Мы вошли в небольшой скверик, зеленый и уютный, защищенный от городского шума каштанами, акациями и какими-то другими насаждениями. Разбросанные вдоль дорожек пустые скамейки выглядели крайне соблазнительно, но когда я предложил Надежде посидеть, та покачала головой и указала на двуязычную надпись «Только для немецких солдат». Я махнул рукой: ерунда, нас это не касается, – но она твердо сказала «нет». Я не стал с ней спорить и продолжил прогулку. Мы незаметно перешли на «ты».
– Сколько тебе лет? – задал я вопрос, который бы мог показаться бестактным, если бы не существовавшая между нами внушительная разница в возрасте.
– Уже двадцать.
Я насмешливо переспросил:
– Уже?
Она ответила с присущим ей достоинством:
– Я была в одном учреждении.
– О-о! – протянул я слегка озадаченно, вспоминая намеки Грубера. Из мыслимых учреждений мне представились первым делом мокрые от крови подвалы Винницы, Лубянки и Кремля. Однако я быстро сообразил, что речь идет не об Institution, а об Institut, можно сказать об istituto. Переспросил:
– In einer Hochschule?
– Ja, ja, – закивала она. – Hier, in Simferopol.

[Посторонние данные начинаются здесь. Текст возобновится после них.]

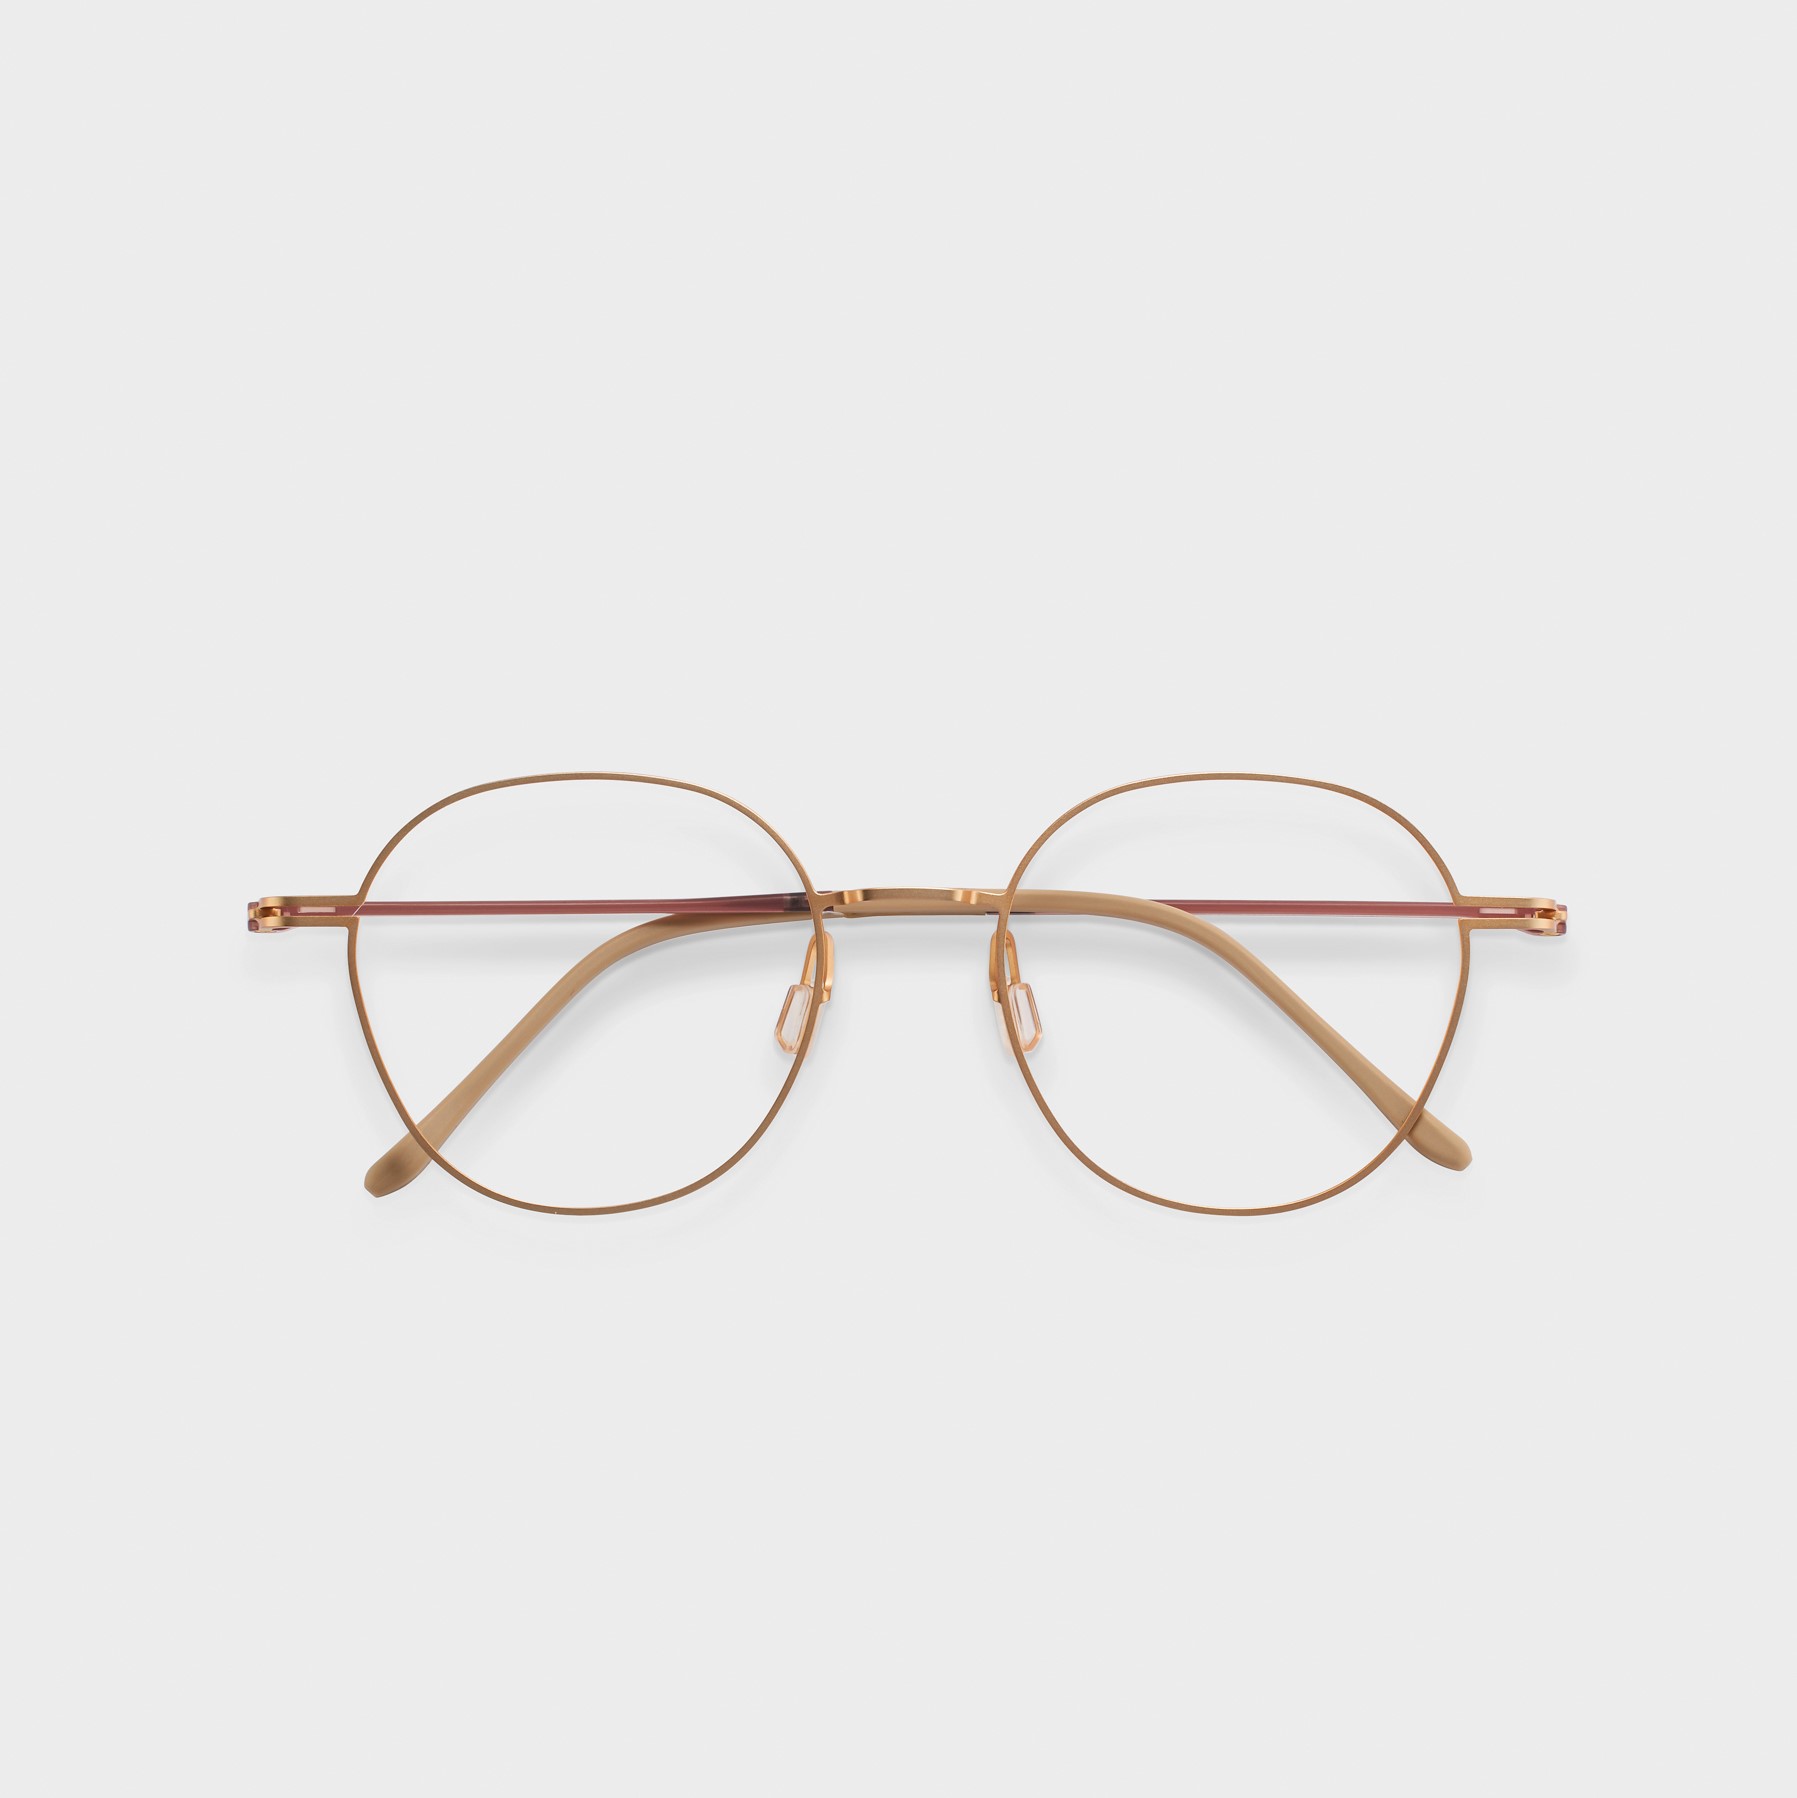 _CLROTTE_ Eyewear Glasses_ SLEEK

Мы слонялись по улицам и скверам около часа. В моей излюбленной манере гулять по чужим городам – постоянно меняя направления, перемещаясь с улицы на улицу, с площади на площадь, из переулка в переулок. В какой-то момент, когда я в очередной раз захотел свернуть и направиться в сторону гремевшей поблизости железной дороги, Надя вдруг резко остановилась и заявила – так же твердо, как тогда, когда отказалась сесть на предназначенную для немцев скамейку:
– Нет, туда я не пойду. Лучше в кино.
Мы как раз оказались неподалеку от кинотеатра – по словам Нади, еще одной достопримечательности Симферополя, поскольку в Ялте кинотеатры не работали.
– В кино? – спросил я ее. И с некоторым опасением показал на афишу, с которой угрожающе глядела зловещая физиономия еврейского плутократа эпохи Просвещения. В том, что это не кто иной, как он, убеждало написанное кириллицей название фильма – «Жид Зюсс». (Славянское слово «жид» я, как уже говорилось, узнал от Зорицы.)
– Если это, то я уже видел.
Похоже, Надя уловила мое нежелание смотреть сей сомнительный Meisterwerk, и оно вызвало ее сочувствие. Она успокаивающе повертела головой.
– Нет, это завтра, сегодня будет это, – и показала на другую афишу, изображавшую широко шагавшего молодого человека в белой шляпе и с улыбкой до ушей. Подпись гласила «Веселые ребята». Я не понял, что она означает, но Надя перевела: – Lustige Kerle.
Название обнадеживало. Афиша была довоенной, и цифры с указанием числа и сеанса на ней уже не раз заклеивались новыми. Тем не менее я спросил (мало ли какие шедевры производил сталинский кинематограф, если даже Чинечитта порой выдавала такое, что хотелось чесаться при просмотре):
– А это, собственно, что?
– Комедия, – улыбнулась она как-то особенно трогательно. – Наша комедия.
– Это интересно, – сказал я безо всякого лукавства.
Как раз был должен начаться сеанс, и я купил билеты. В полутемном зале, куда мы вошли, русских было значительно больше, чем немецких солдат, и это не удивляло, поскольку фильм шел на русском языке. Солдаты сидели кучками, не смешиваясь с туземцами, что-то себе жевали и, пока не погас свет, громко переговаривались. Показанный вначале выпуск «Еженедельного немецкого обозрения» был наисвежайшим, в нем рассказывалось о Керчи. Я вновь увидел знакомый пролив и гору Митридат (еще прошлогодней съемки), а потом уже свежие кадры керченской степи, разбитой техники и колонн бесчисленных военнопленных. Немцы радостно зааплодировали, а Надя шмыгнула носом, как при насморке, и неловко от меня отодвинулась. Но вытянуть ладошку из моей руки я Наде не позволил – и спустя некоторое время вновь сумел привлечь ее к себе.
А потом на экране появился молодой человек с киноафиши и, погоняя коров, принялся распевать маршеобразную и донельзя оптимистическую песню. Я ощутил, как в моей ладони чуть заметно и, видимо, непроизвольно подрагивают в такт музыке Надины пальцы, посмотрел на нее, она на меня, и мы оба улыбнулись. С экрана прозвучало что-то смешное, и люди вокруг рассмеялись, даже немцы. Еще раз улыбнувшись Наде, я заставил себя следить за действием фильма, и хотя мне мало что удавалось понять, смеялся я вместе со всеми, потому что не мог не смеяться, когда смеялась Надя. Мы часто переглядывались, иногда она пыталась мне что-то объяснить – и тогда невольно прижималась ко мне, что вселяло в душу романтика самые радужные надежды.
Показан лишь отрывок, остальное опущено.